*What is needed:*
Transcribe the whole listing exactly; the images stay out.

#### Data shown

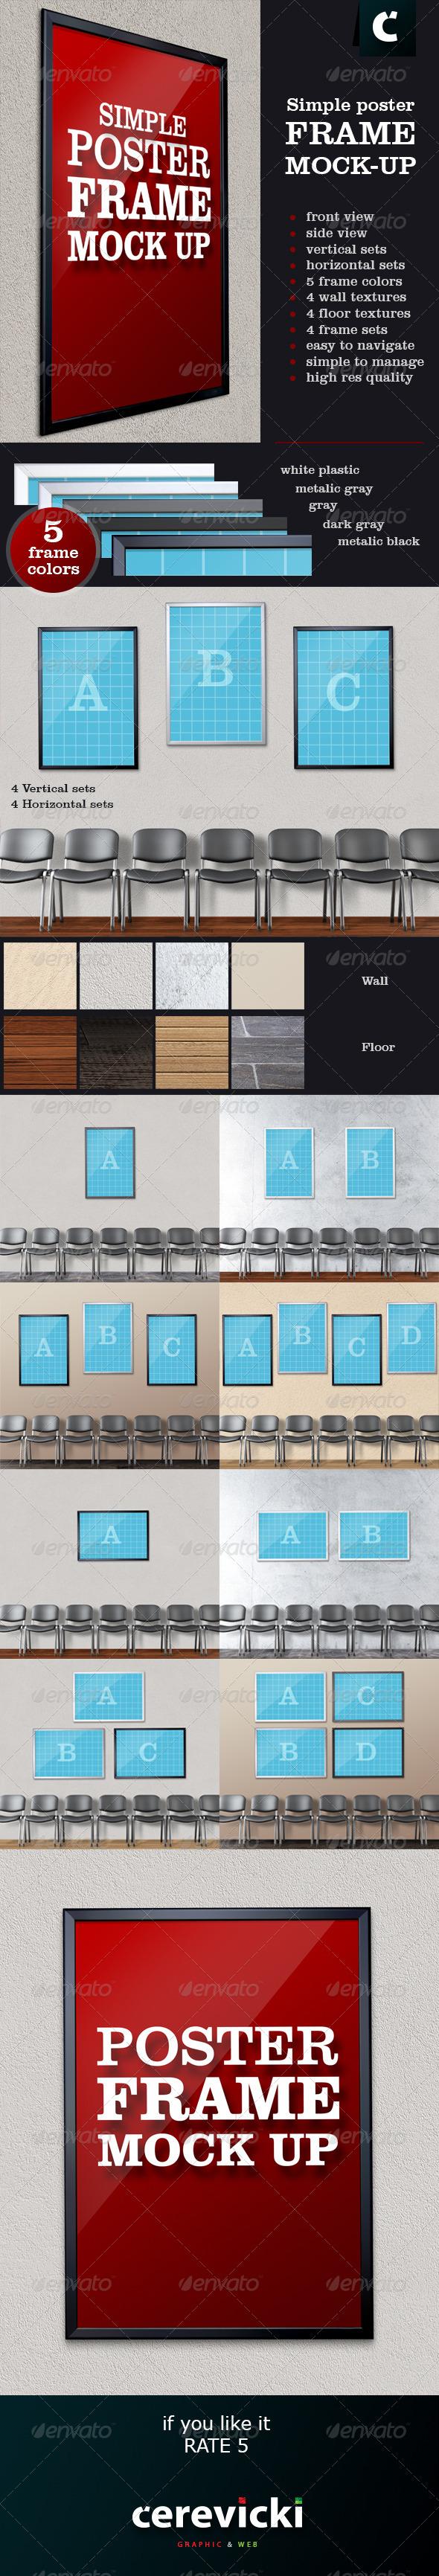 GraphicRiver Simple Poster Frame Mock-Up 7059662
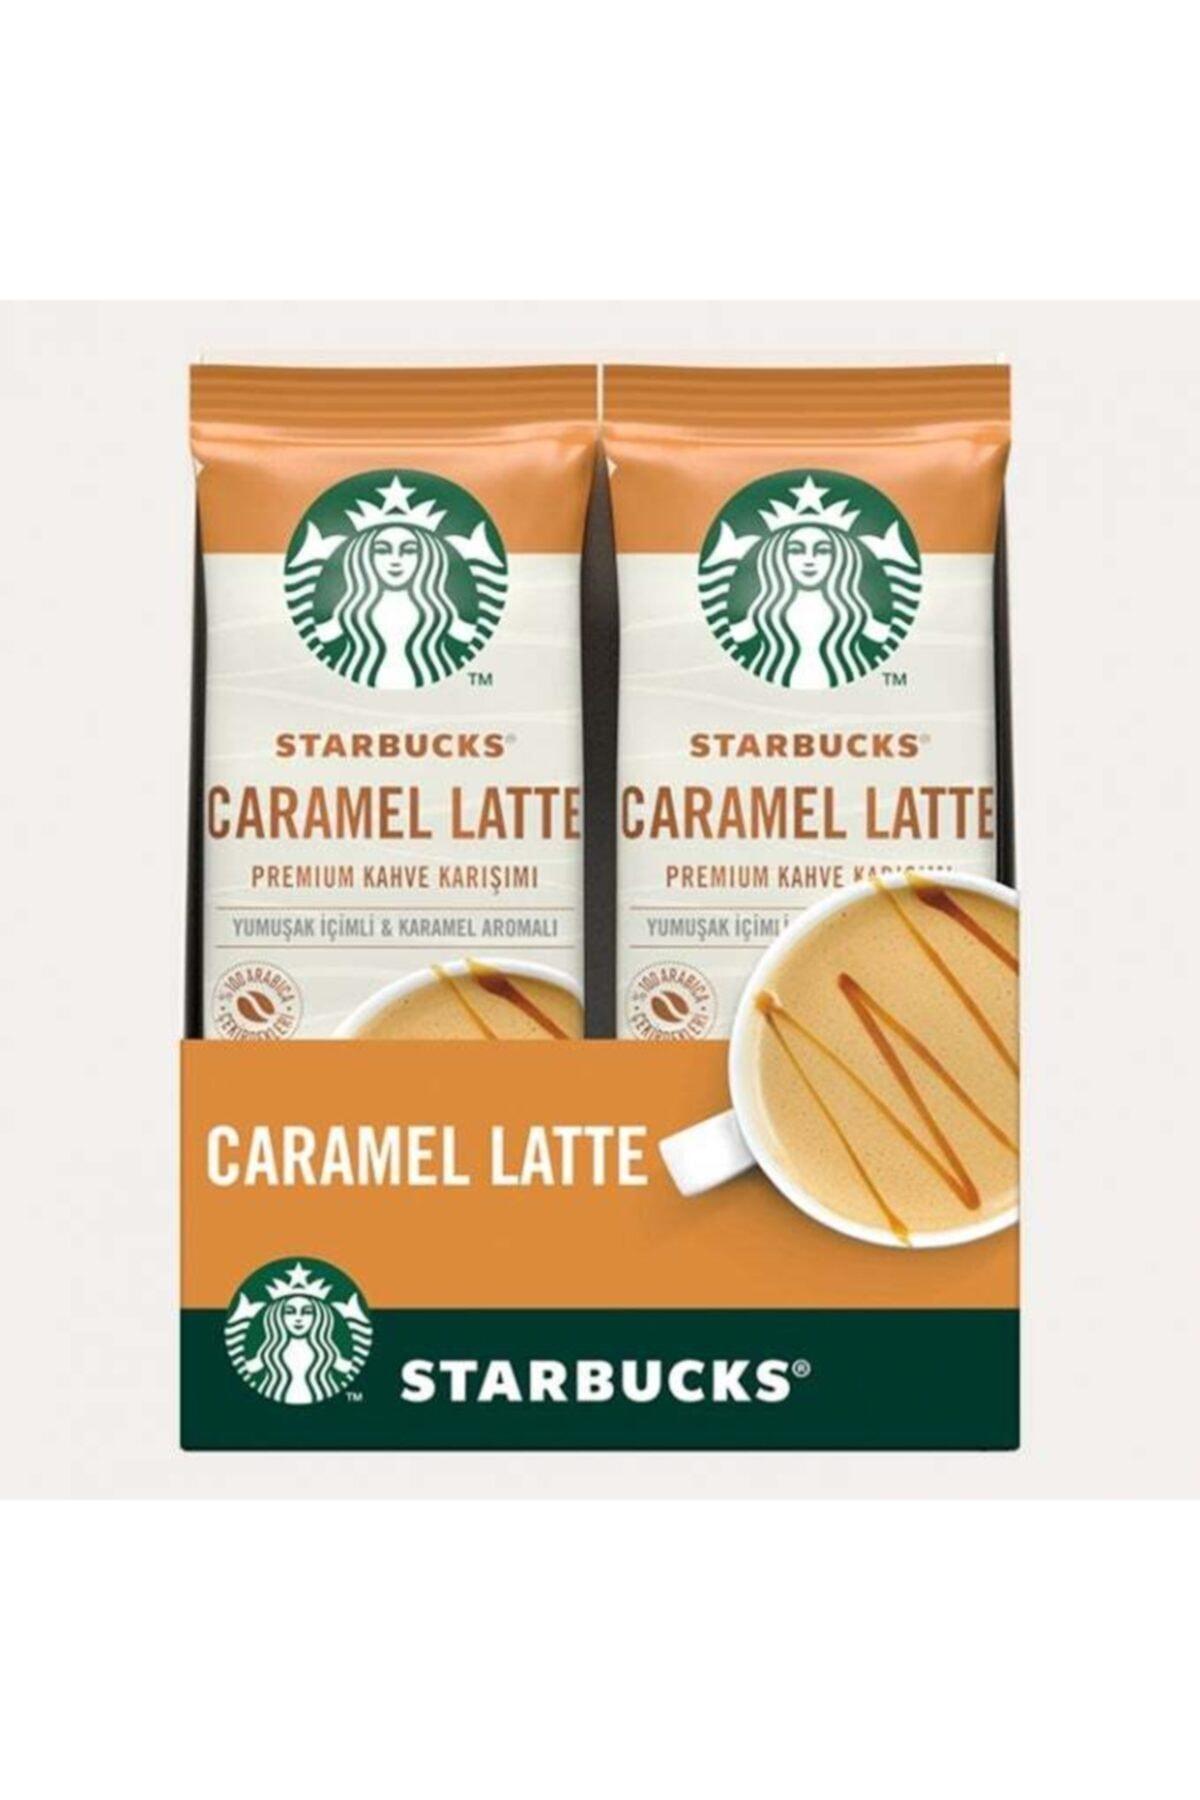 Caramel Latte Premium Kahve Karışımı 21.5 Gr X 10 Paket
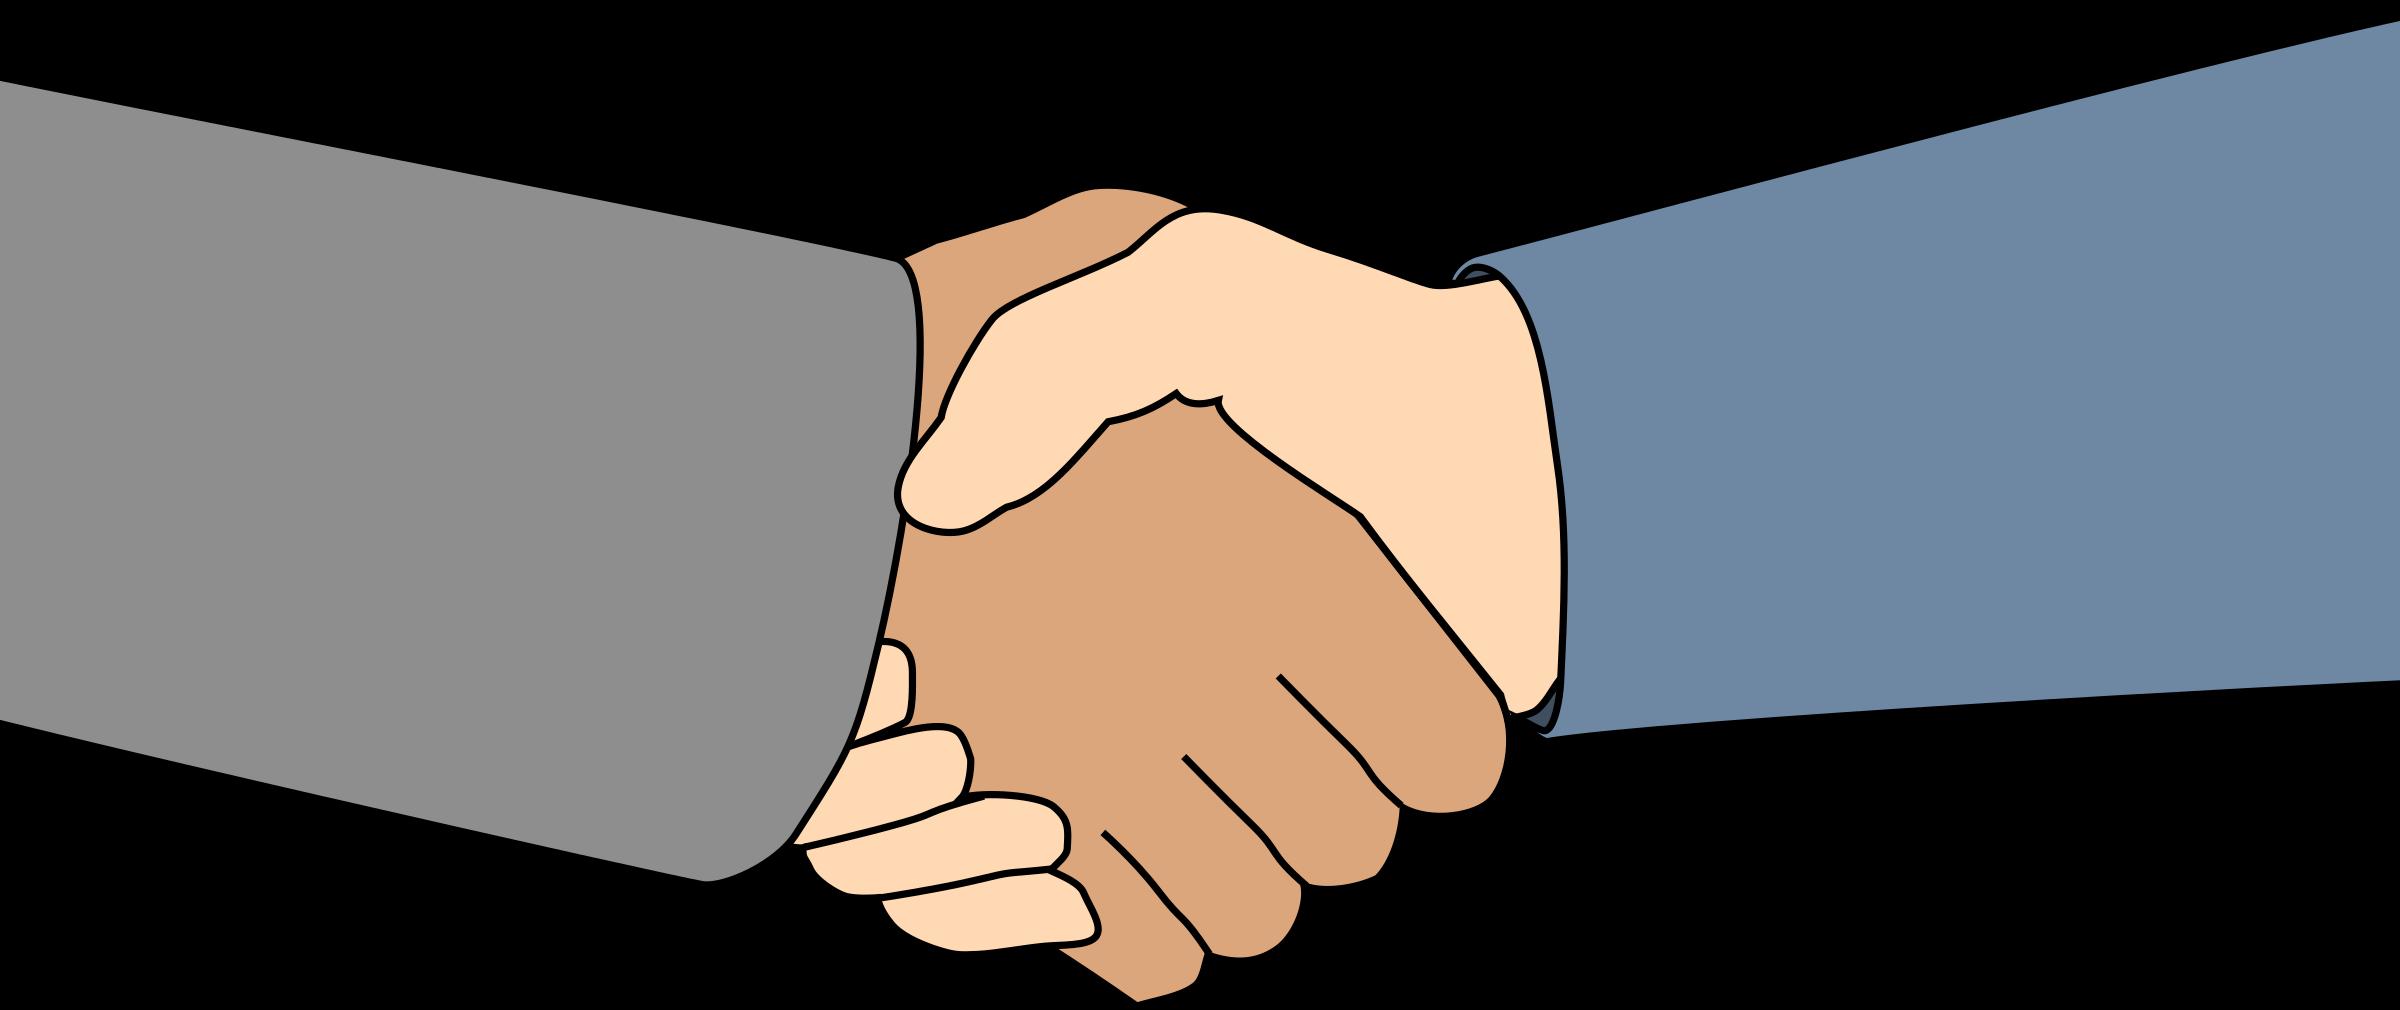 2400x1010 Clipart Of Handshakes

########

*Exercise response:*
 GraphicRiver Simple Poster Frame Mock-Up 7059662
 Caramel Latte Premium Kahve Karışımı 21.5 Gr X 10 Paket
 2400x1010 Clipart Of Handshakes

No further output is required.